• [PROBLEM TO SOLVE] Copy down every line of the data that follows exactly. Omit the pictures.

══ SUPPLIED MATERIAL ══

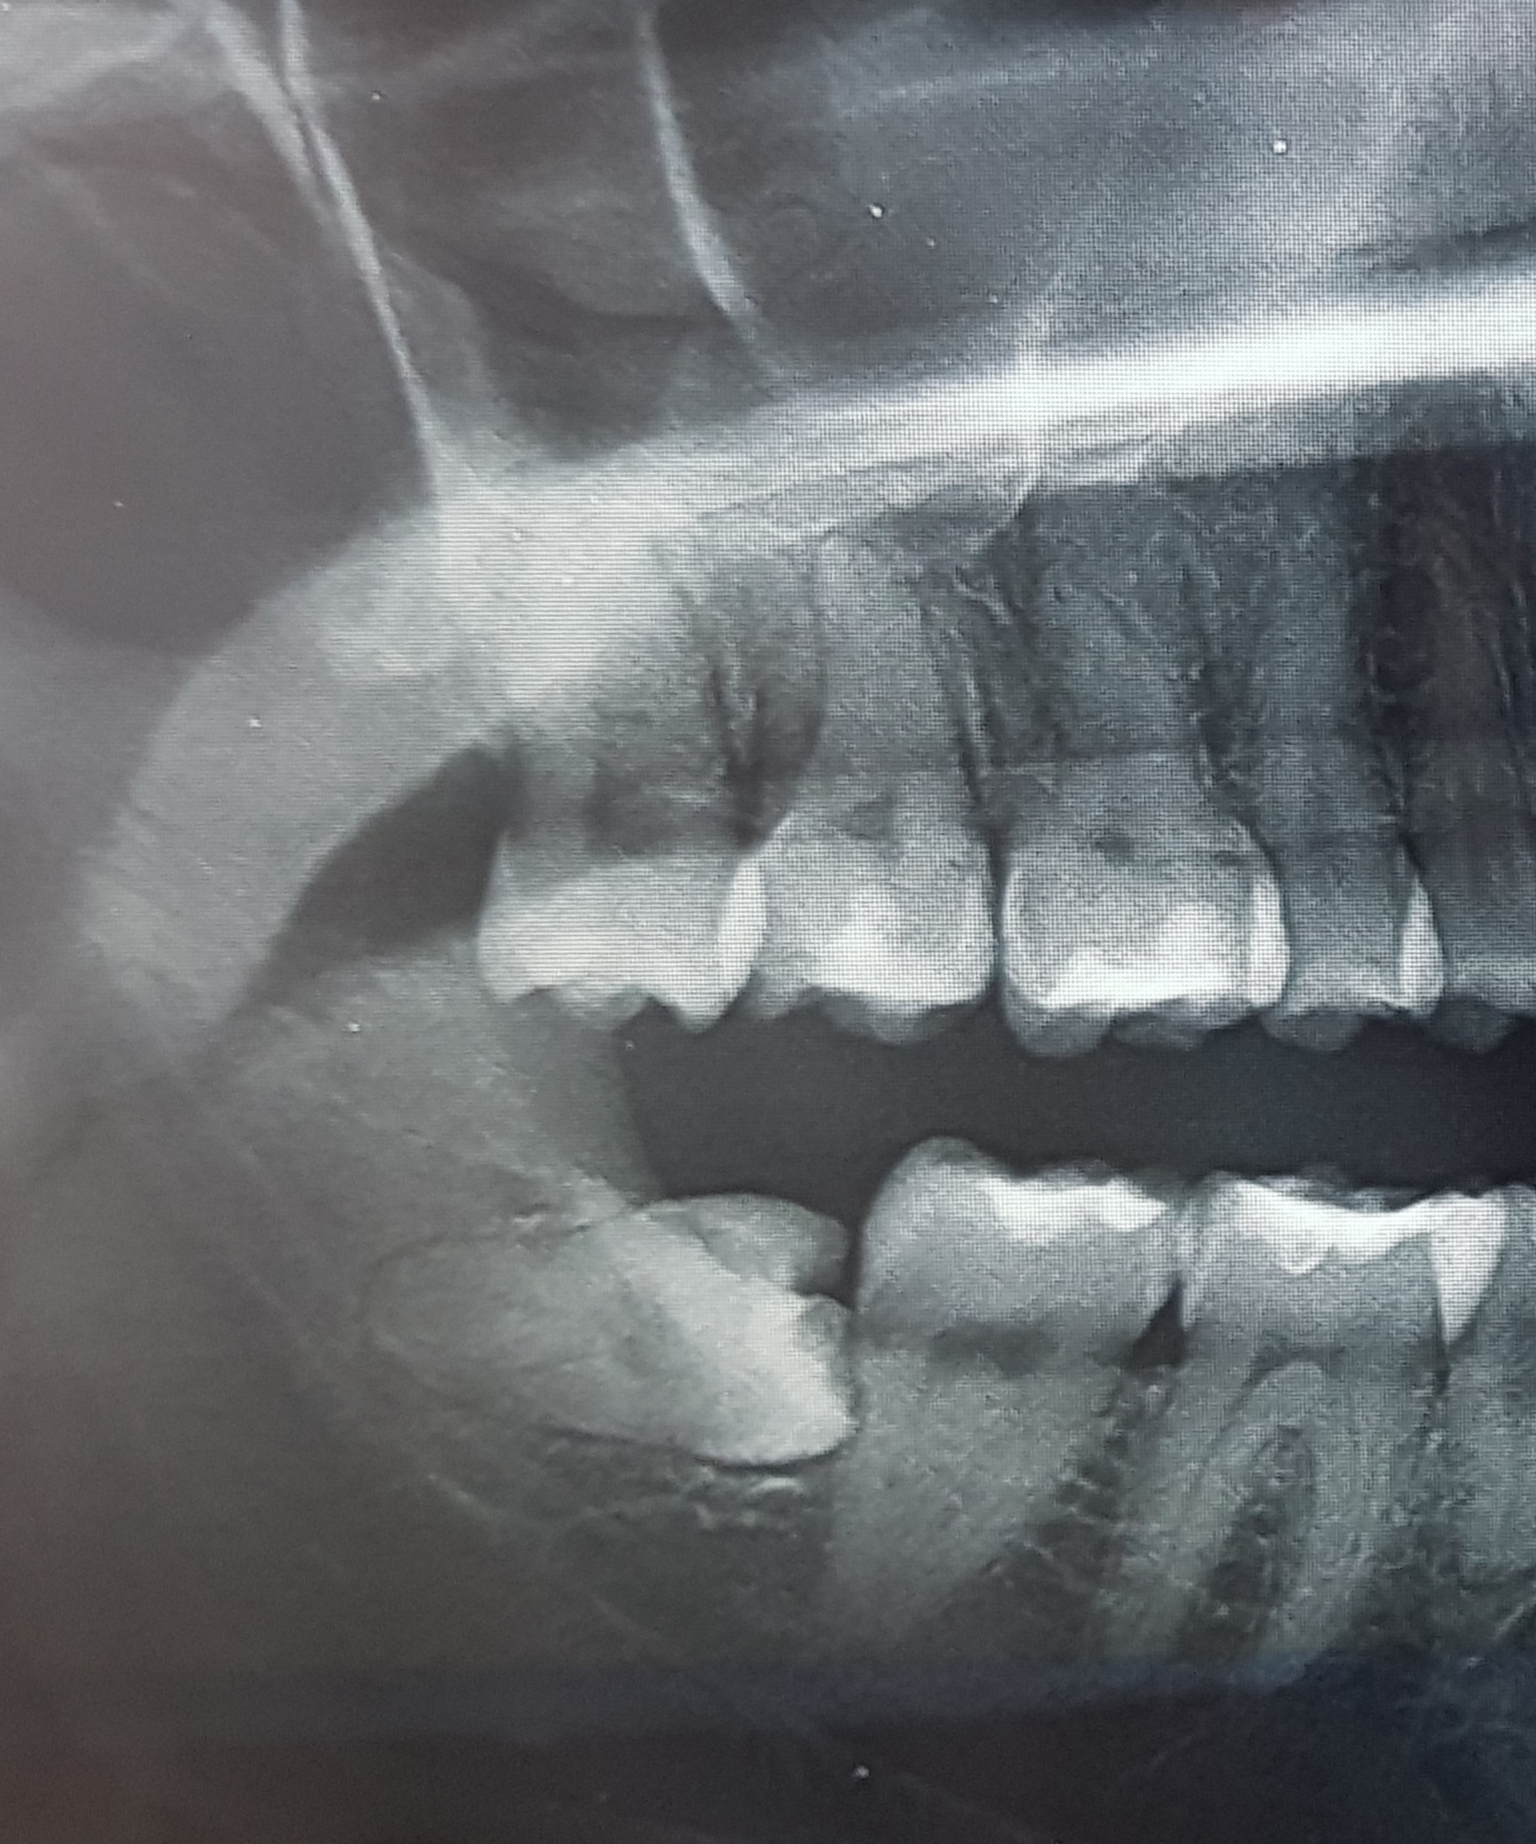 Il dente è da estrarre il prima possibile oppure si può ancora aspettare?
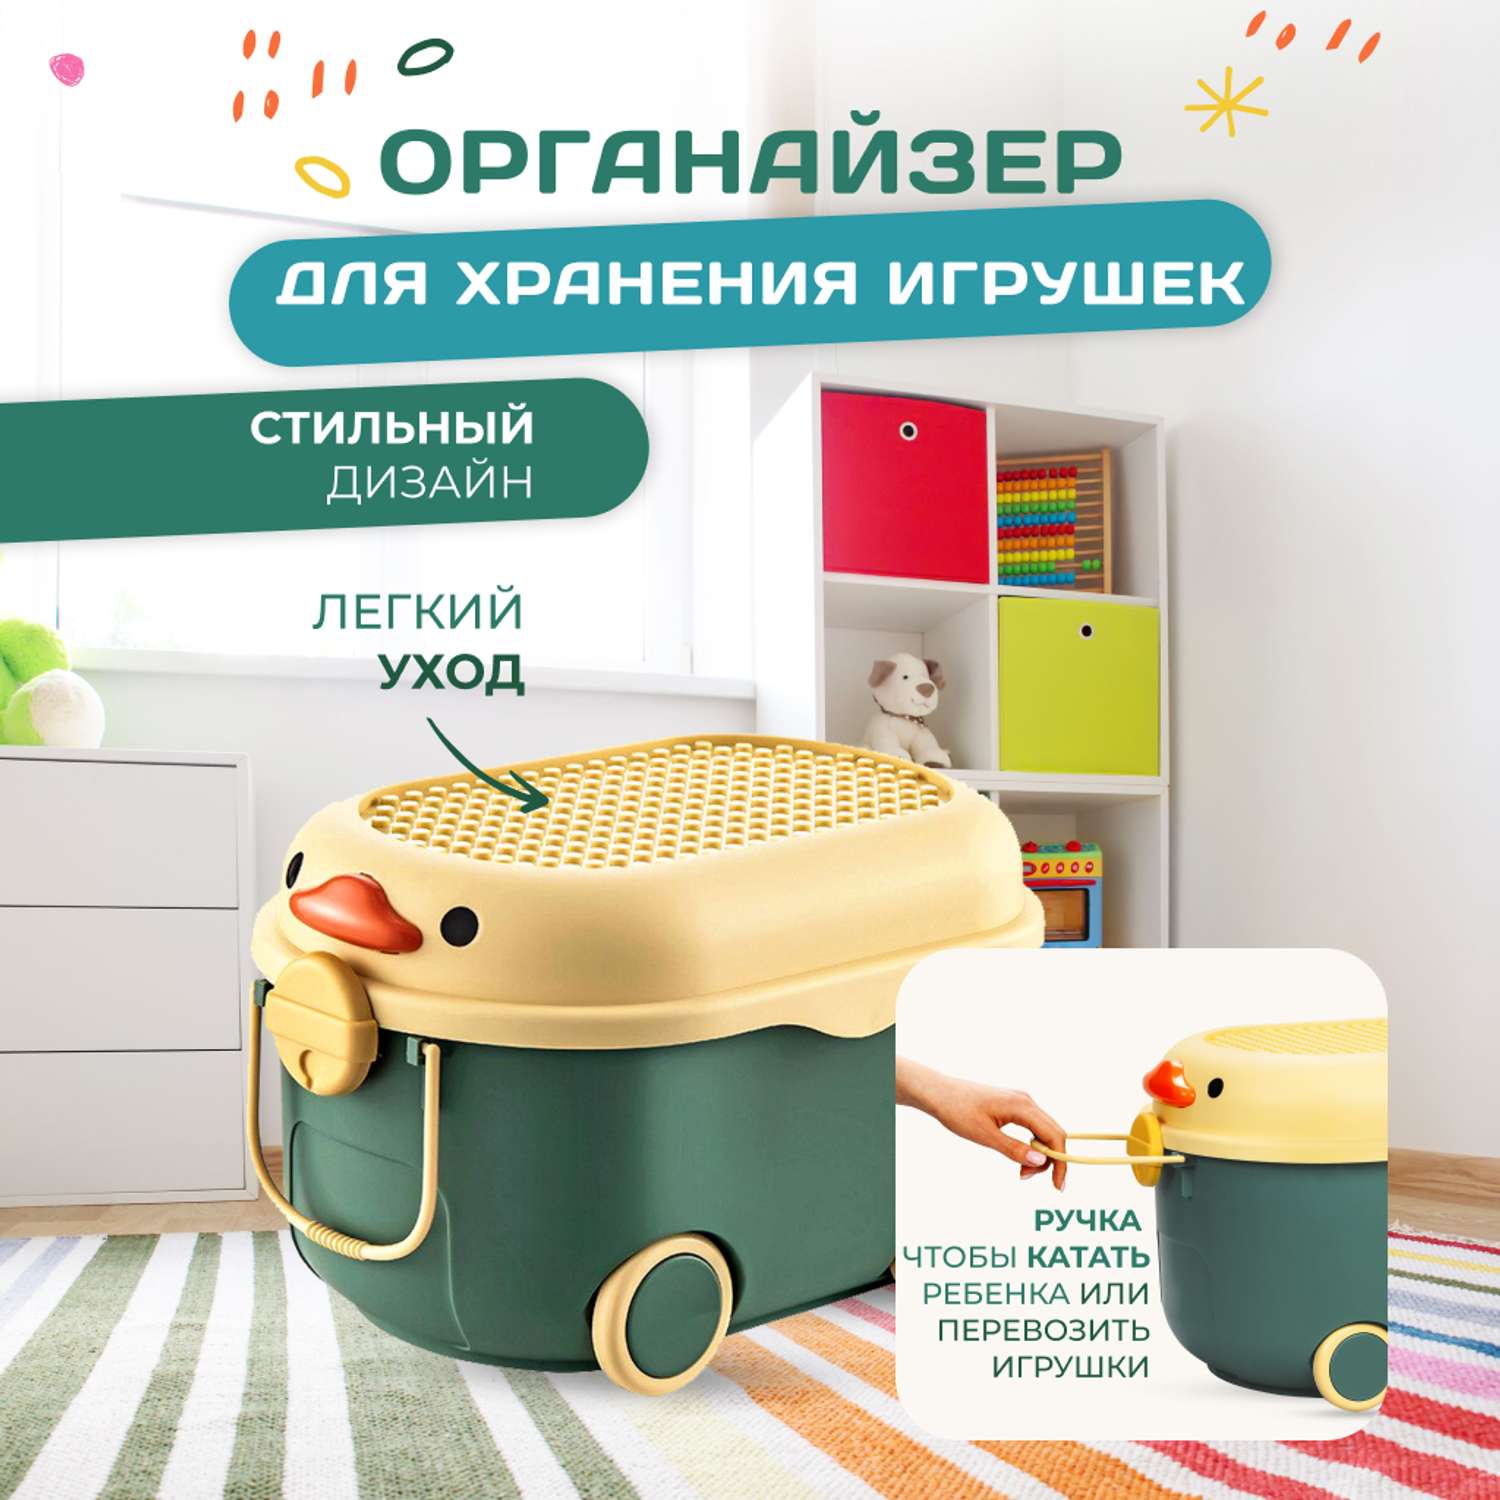 Купить ящик для хранения детских игрушек недорого в Украине
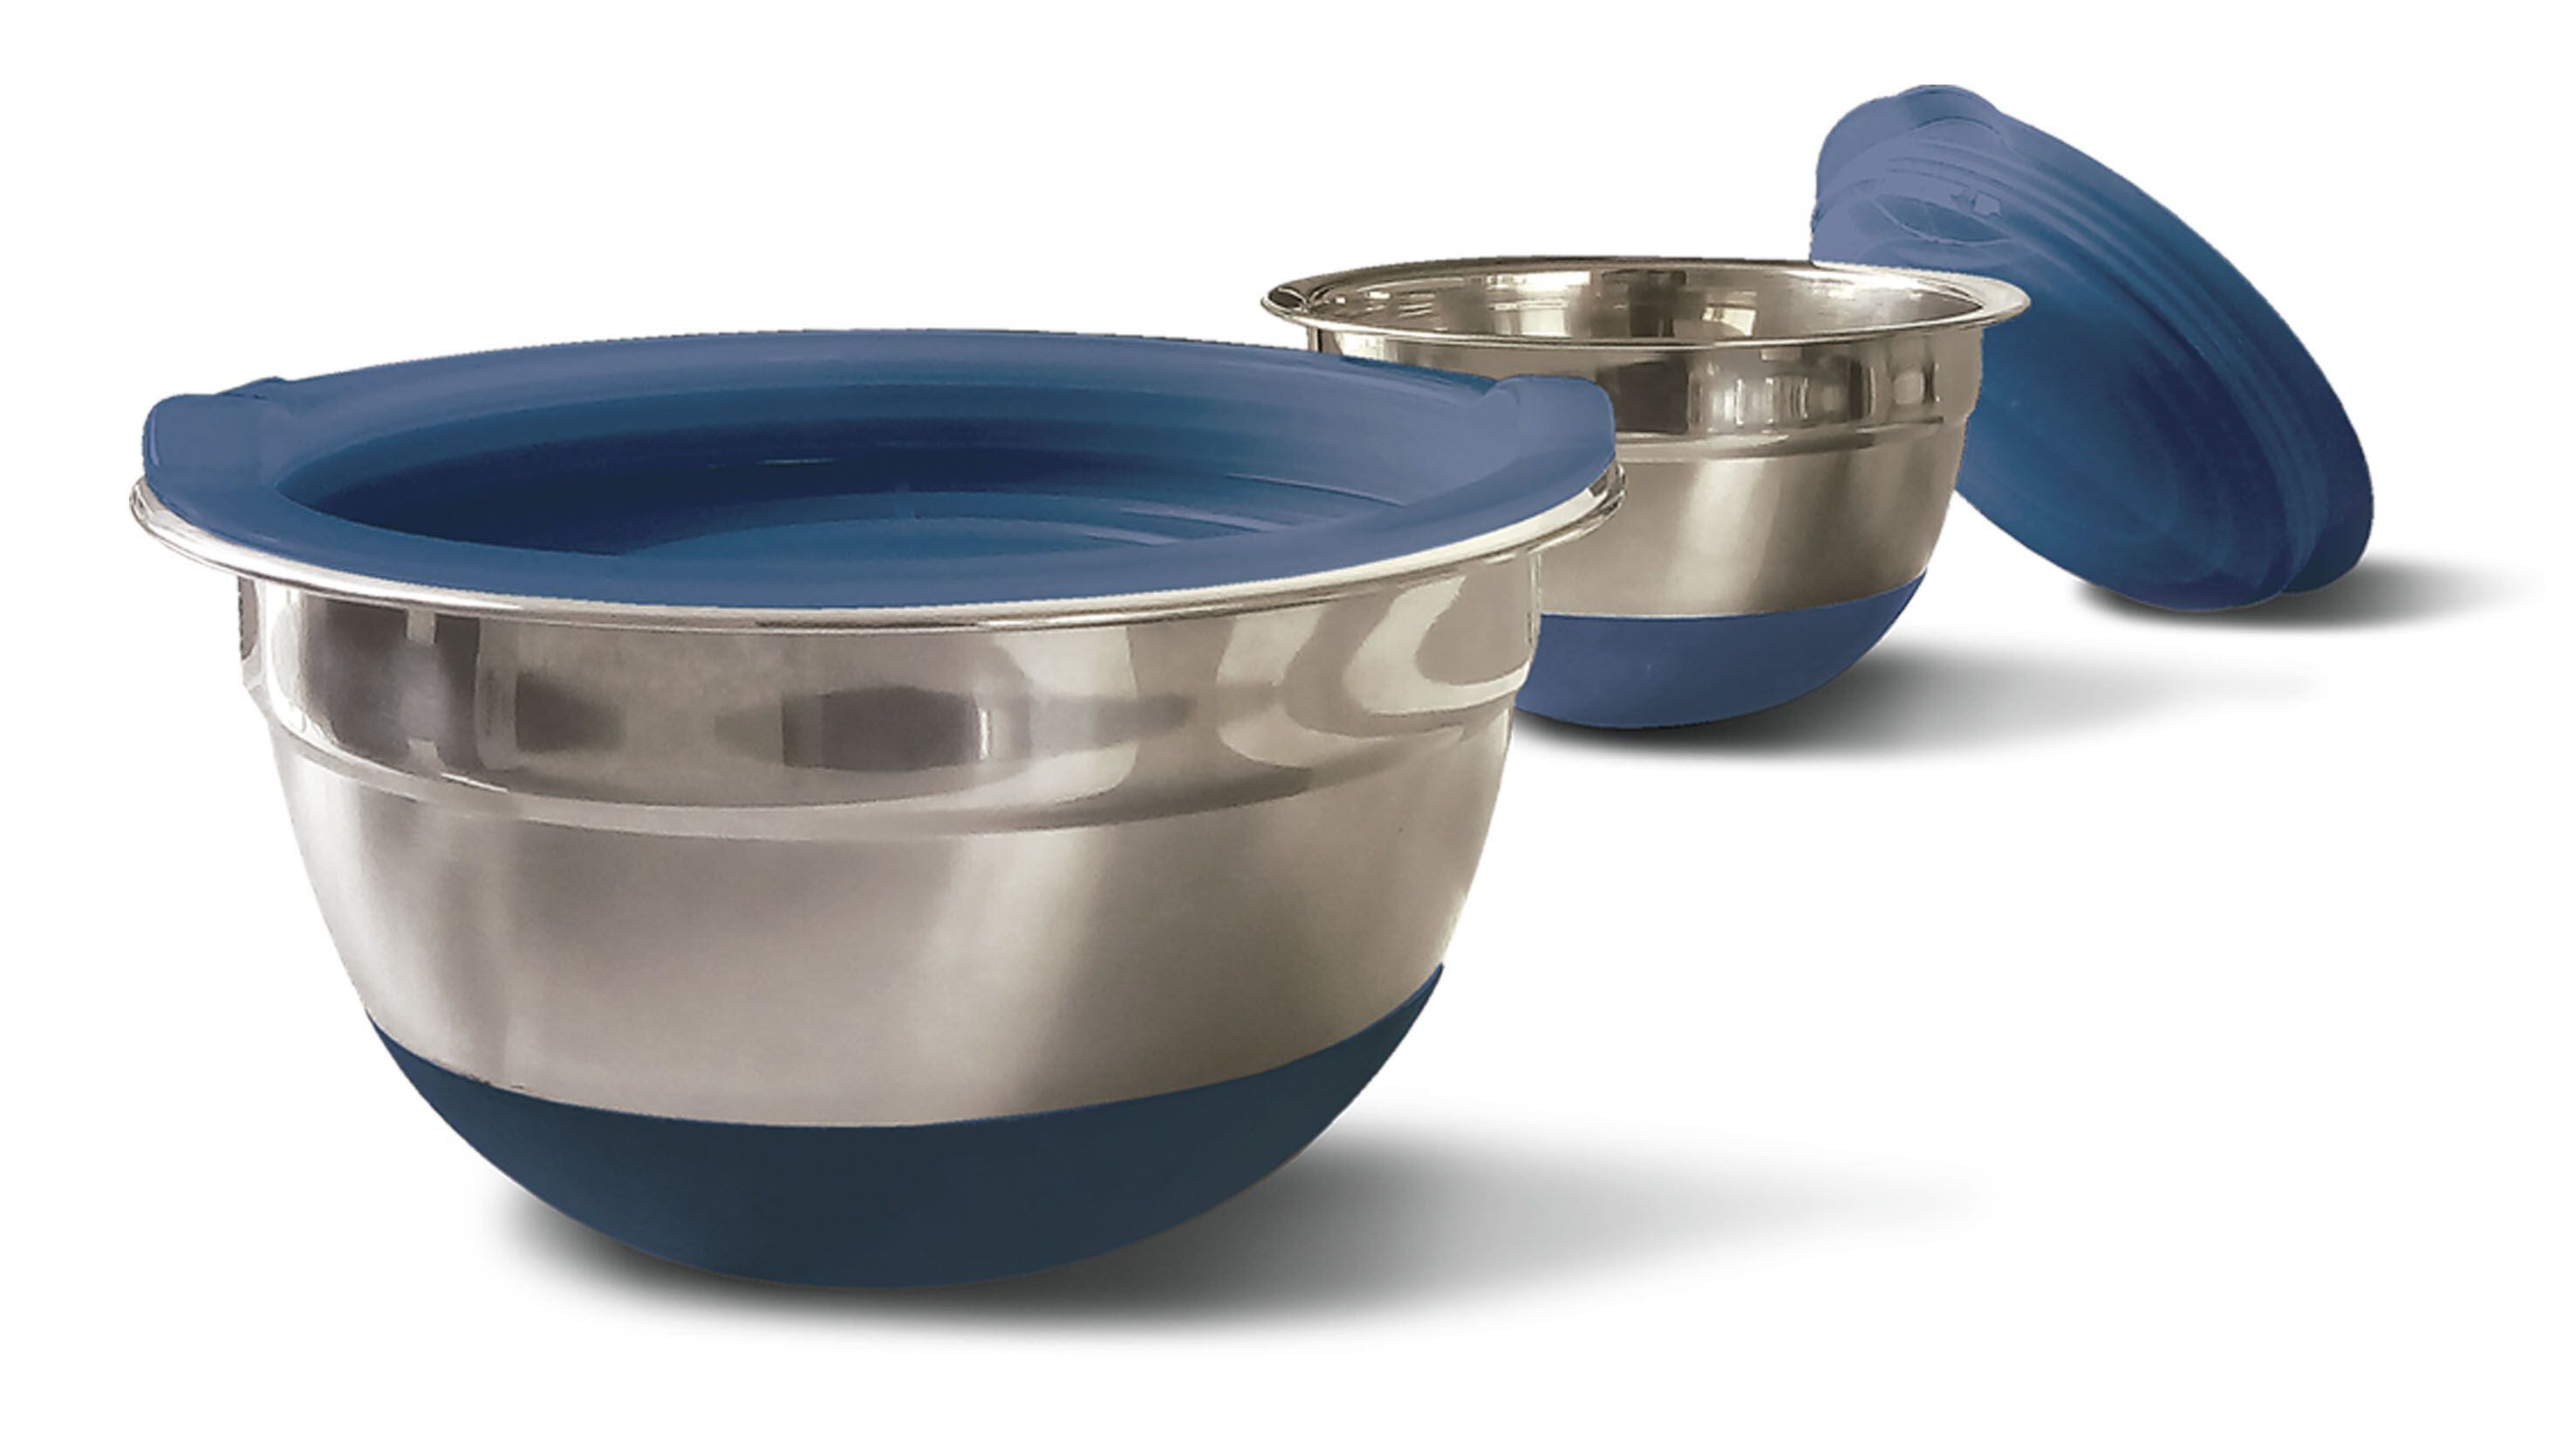 Bowls de acero inoxidable, son de 24 cm y 16 cm con base de silicona antideslizante.

═══

• [EXERCISE RESPONSE]
 Il dente è da estrarre il prima possibile oppure si può ancora aspettare?
 Купить ящик для хранения детских игрушек недорого в Украине
 Bowls de acero inoxidable, son de 24 cm y 16 cm con base de silicona antideslizante.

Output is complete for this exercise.